Source material

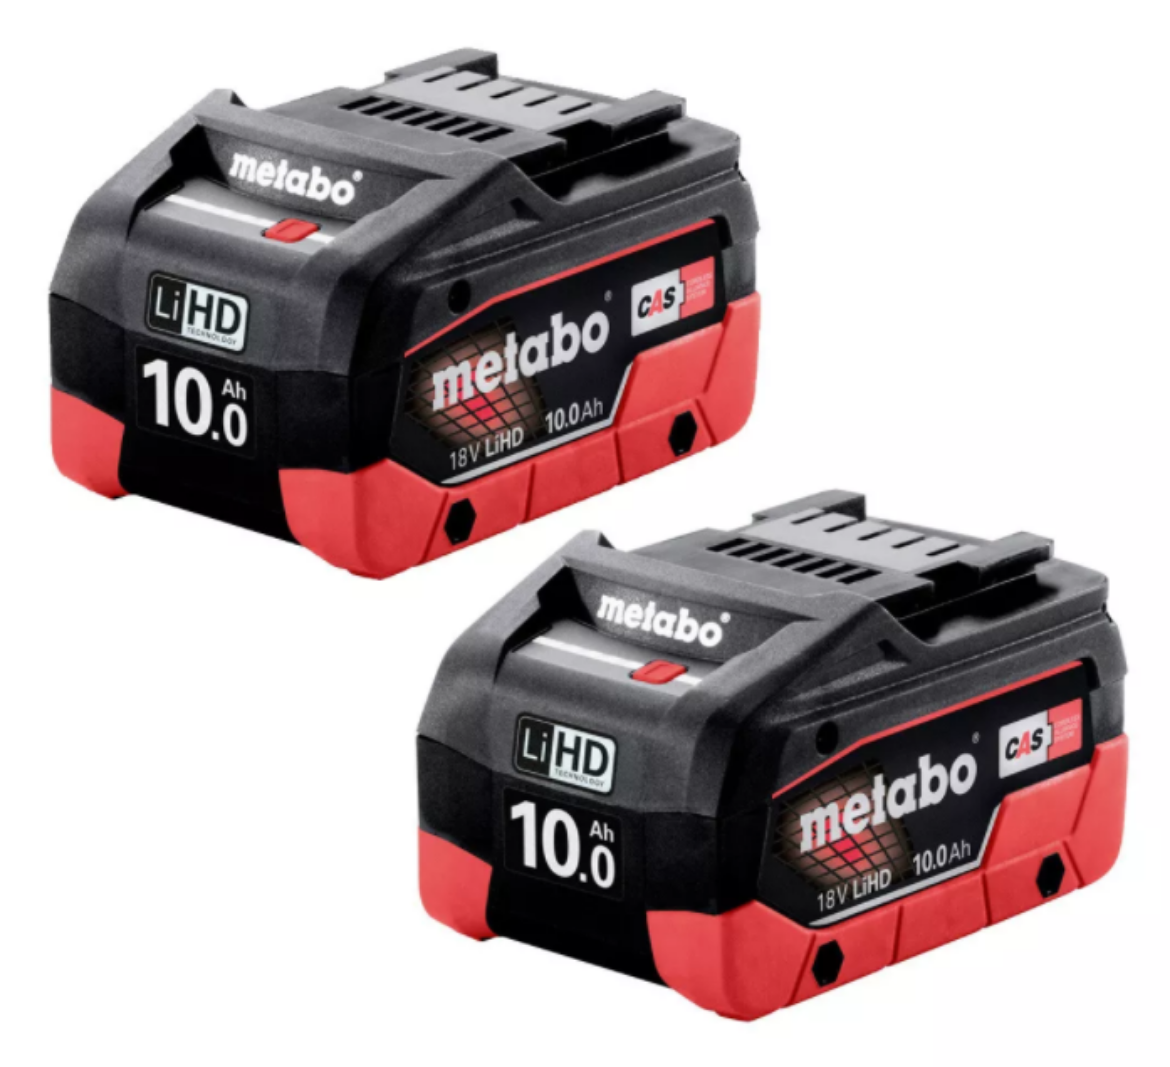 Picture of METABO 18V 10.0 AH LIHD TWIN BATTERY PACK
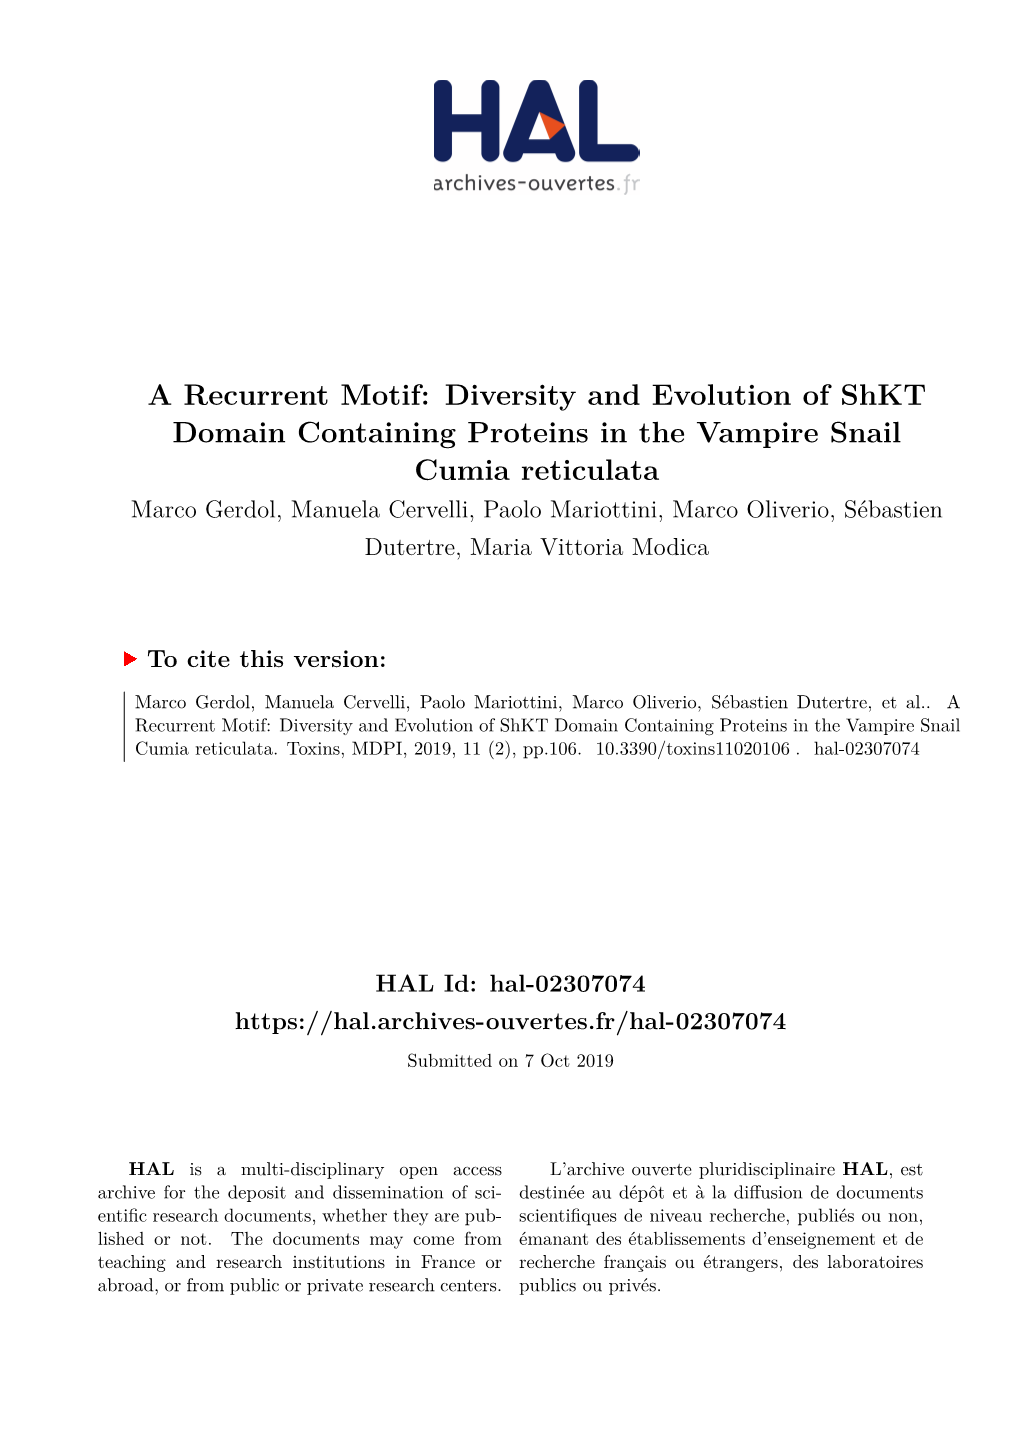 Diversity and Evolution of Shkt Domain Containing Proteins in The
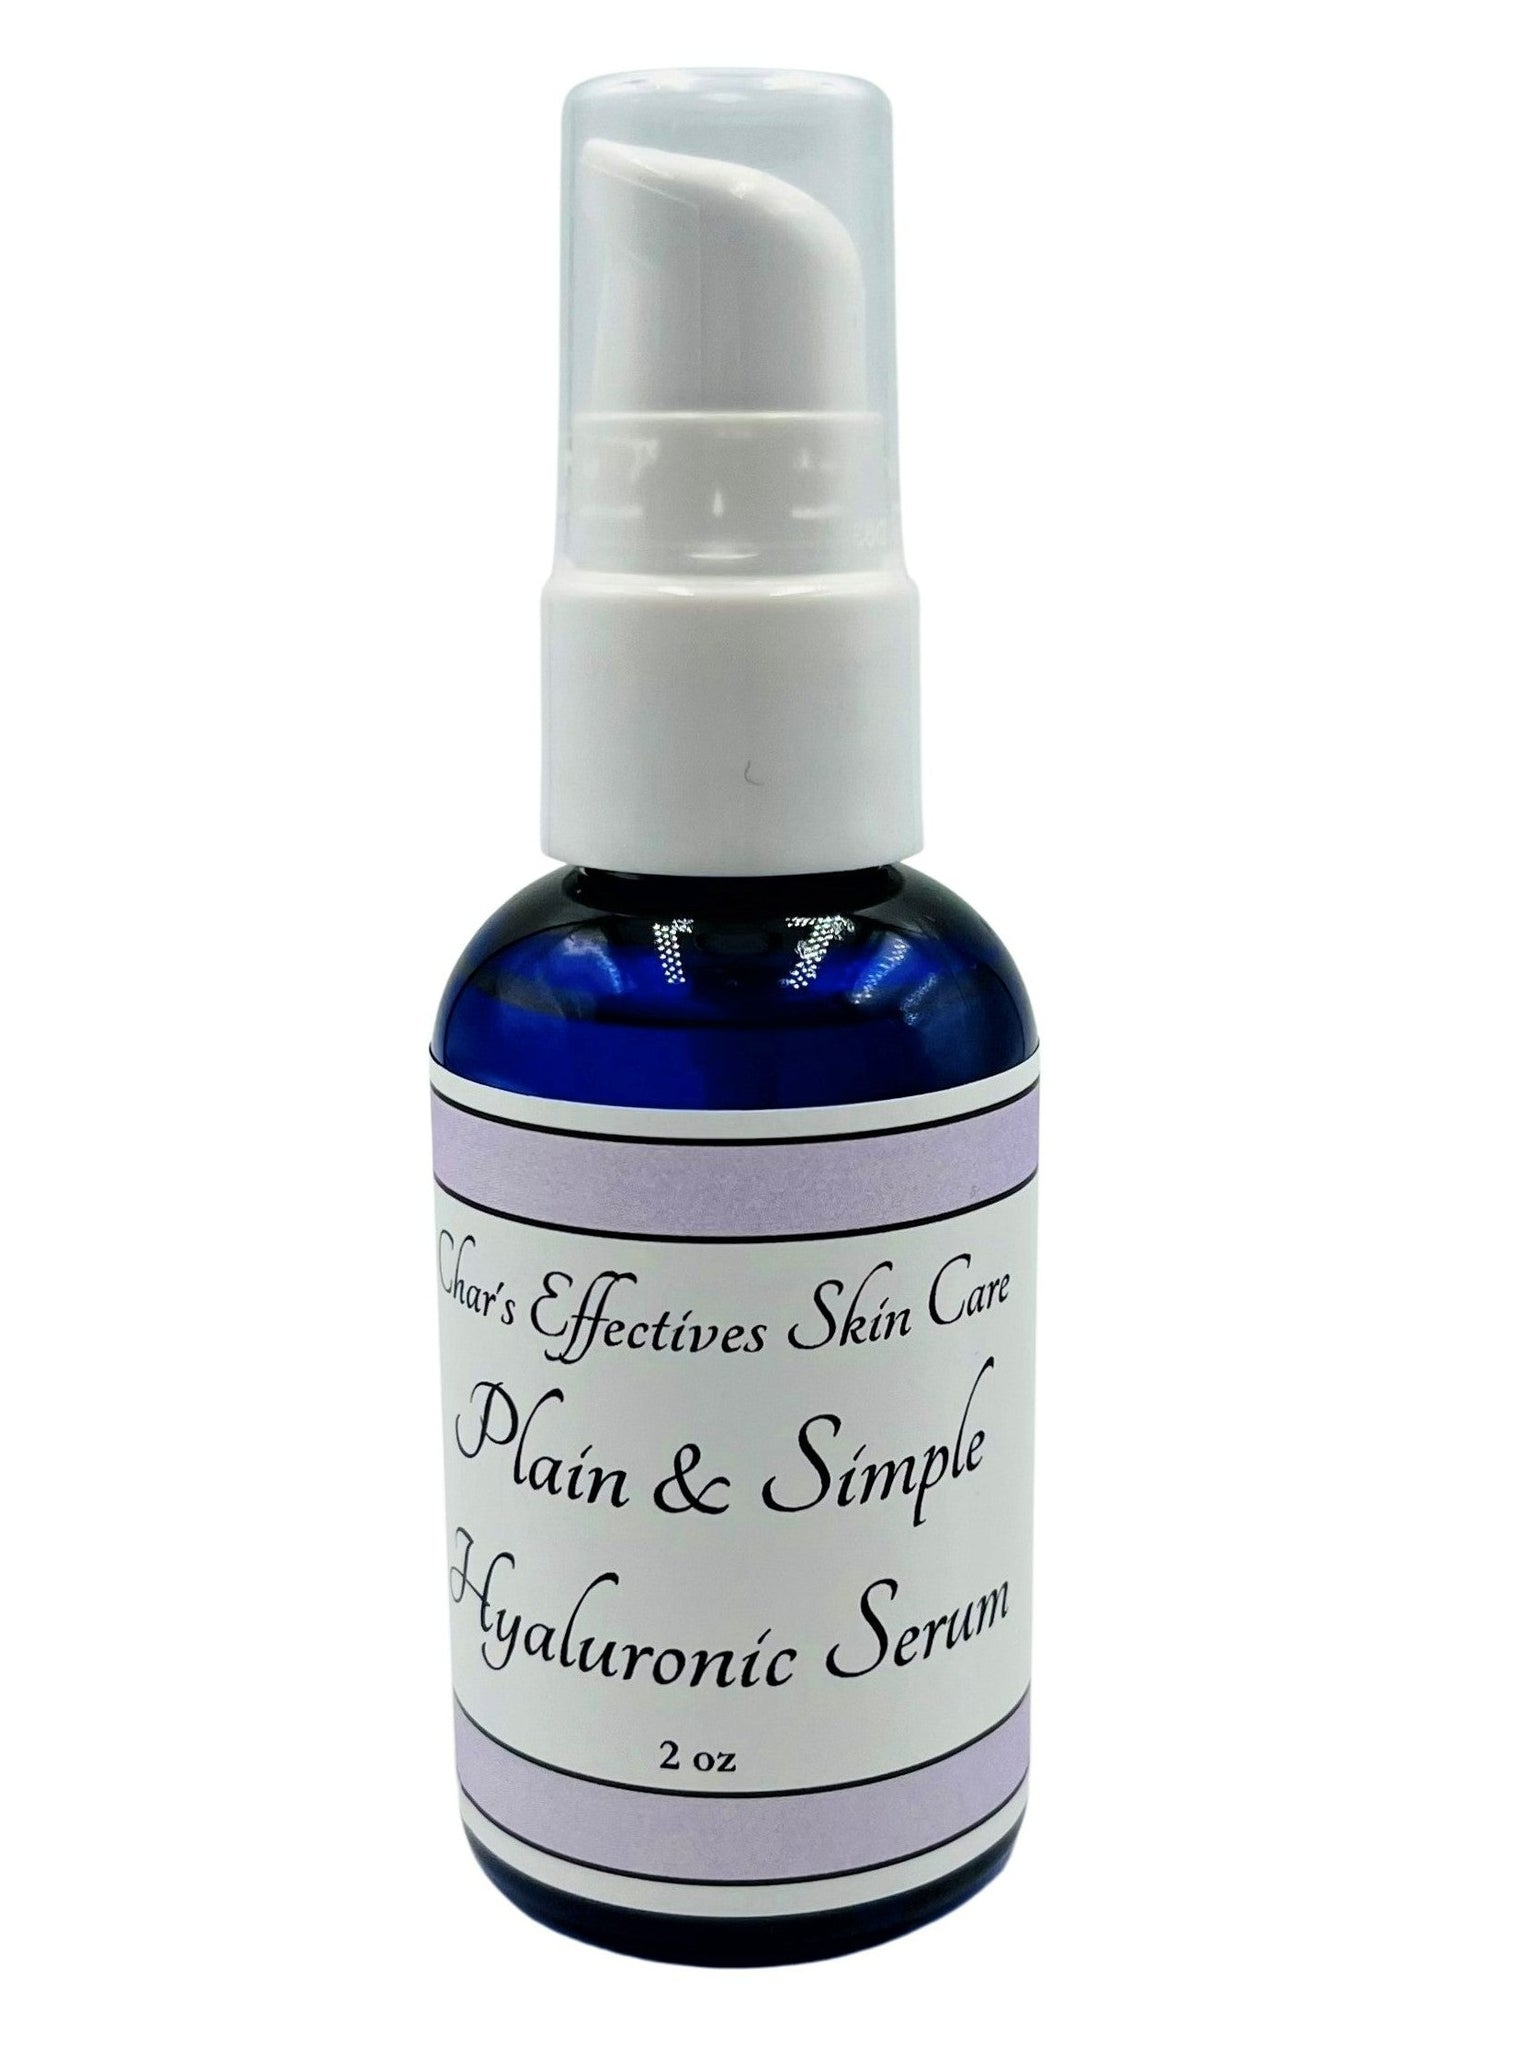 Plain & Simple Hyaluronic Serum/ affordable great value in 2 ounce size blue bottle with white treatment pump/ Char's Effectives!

Problem details
Write the listing out exactly, word for word, but omit the pictures.

Task response
 Picture of METABO 18V 10.0 AH LIHD TWIN BATTERY PACK
 Diversity and Evolution of Shkt Domain Containing Proteins in The
 Plain & Simple Hyaluronic Serum/ affordable great value in 2 ounce size blue bottle with white treatment pump/ Char's Effectives!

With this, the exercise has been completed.